Hi everyone! inkunicorn: inkunicorn: inkunicorn:

Last time I posted here was in December, when I was about two months into recovery from the drunk driving accident that killed my horse and took part of my right leg.

At that point I was spending time with a sweet mare my friends had adopted and hoped would be my next horse. I didn't end up riding Jessie. It turned out she was only 14.1hh, which I didn't realize when I was sitting in the wheelchair, so the first time I stood up next to her, I knew I wouldn't feel comfortable even trying to sit on her. Since my big butt had no business on that sweetheart, we found her a home with a therapy barn where she'll be semi-retired and live happily the rest of her time. I really wasn't in a position to have a horse anyway, having just gotten out of the hospital, staying in an acute care facility and using a wheelchair. 

FF to February, I got on a horse for the first time since everything. I rode my friend's sweet, solid older Percheron and my trainer gave me a pony ride around the arena. The next time I got on Blackjack (which I did by climbing on a picnic table and with the help of my friends), I rode without the lead rope.










Mounting is scary with my prosthesis because I'm not able to bear much weight on it yet. My right leg is the one I lost, so once I can balance on the prosthesis I'll be able to mount more or less as normal. Right now, though, it's pretty weird. I scramble up onto a picnic table, hold a friend's hand for balance and swing over. Once I'm in the saddle, though, it's not scary at all. It wasn't cantering off into the sunset, but it felt SO GOOD!

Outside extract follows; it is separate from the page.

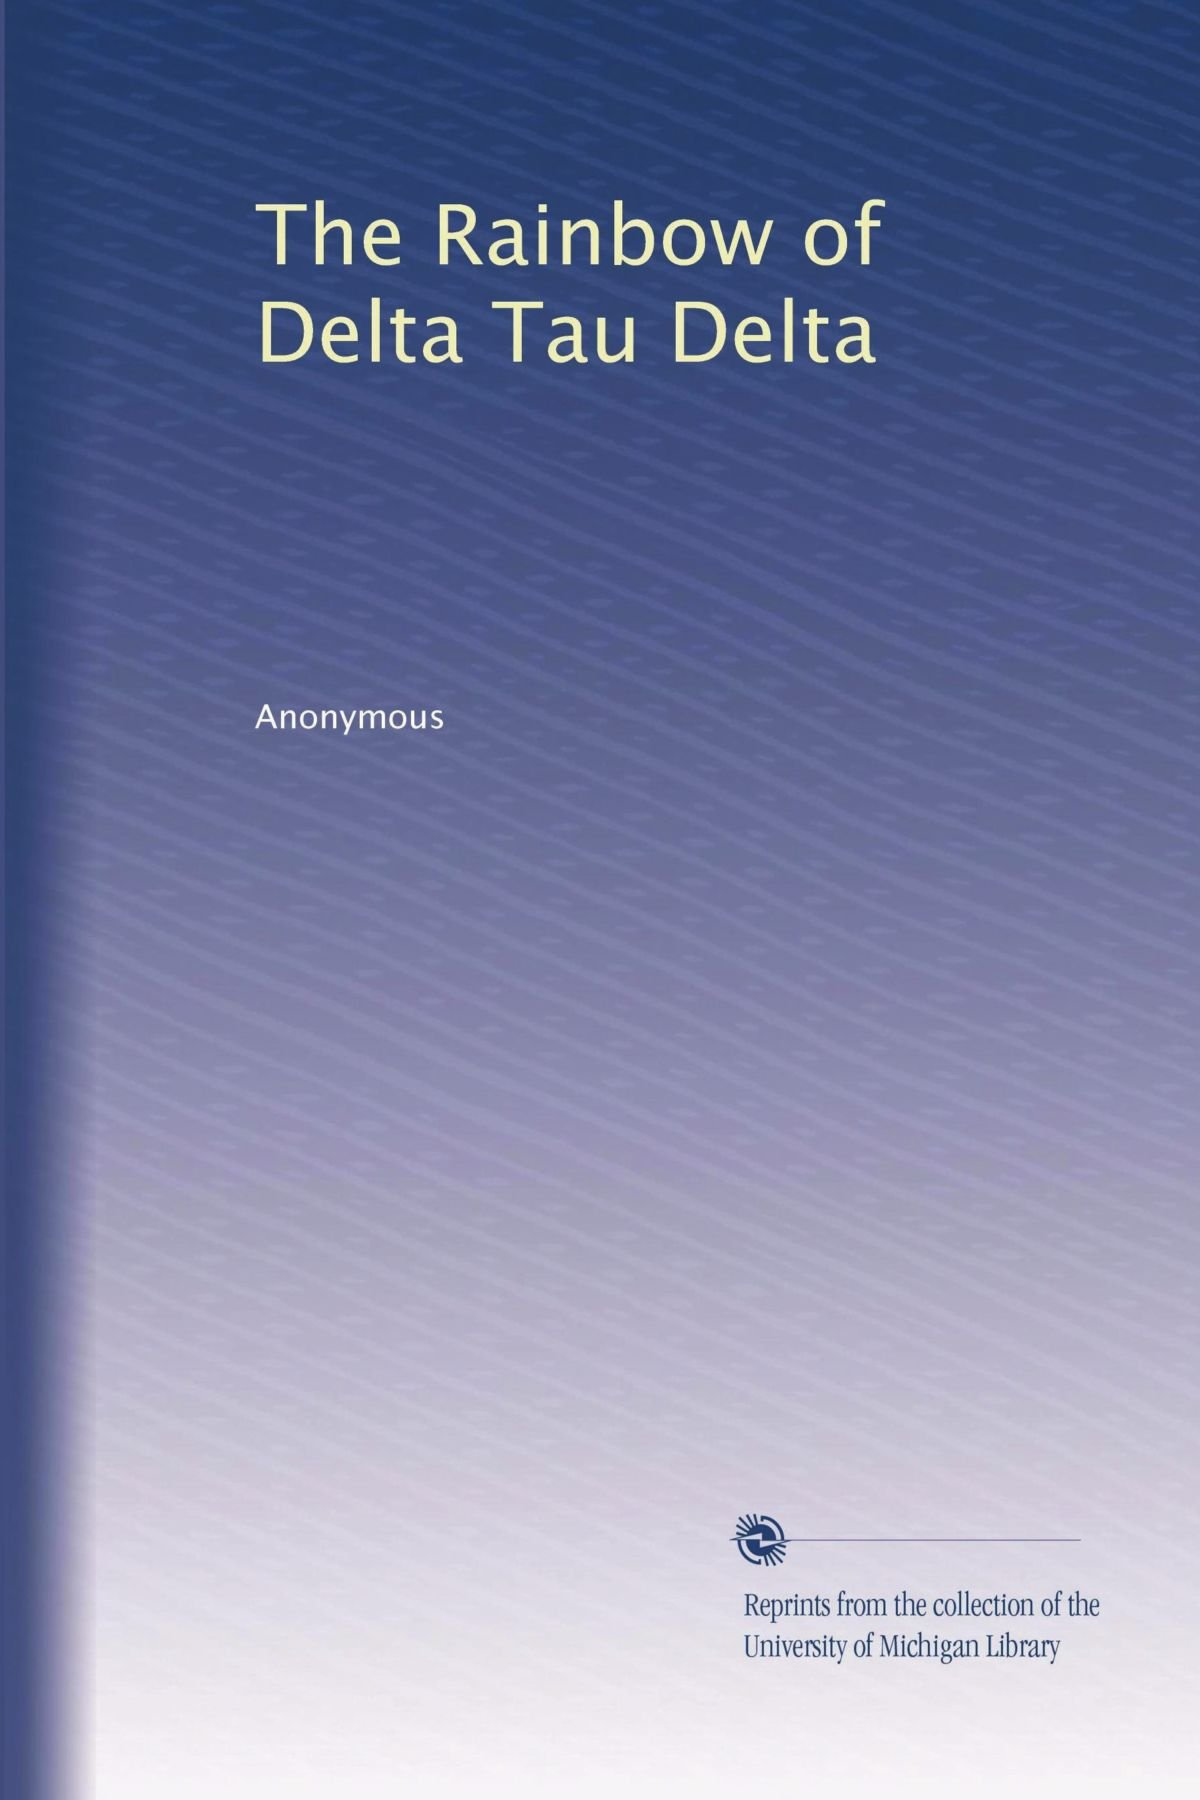 Download The Rainbow of Delta Tau Delta PDF

I rode Blackjack a few times over the following months. Meanwhile I needed another skin graft surgery on my leg, which pushed back my being able to wear my prosthesis, and it will probably still be several months before I can wear it all day. 

With the setbacks, I decided I didn't need to wait until I was walking to start looking for a horse. I have an amazing support system at the barn, and I knew my friends would help me and I could start slow. Last month, I "officially" decided that IF the right horse for me came along, I was ready to bring him home. I figured I can take my time to bond and enjoy a relationship on the ground for as long as I need to if there were training things I needed to solidify before riding. The goal, my trainer and I decided, was to find a healthy, sane, calm, willing horse. If all those things were checked off, we could spend the time training the behaviors I need for safe riding, chiefly standing perfectly still at the mounting block and not being freaked out by my clumsy mounting process.

A few weeks ago, I found The One. I found an ad for a 13-year-old gelding whose owner recently became ill. I saw video of him swimming in a lake, standing ground-tied, posing trotting on a loose rein and letting a kid mount him like a little monkey. I went to see him next weekend and brought backup to keep me in line and make good decisions, but I think I already knew he was it. 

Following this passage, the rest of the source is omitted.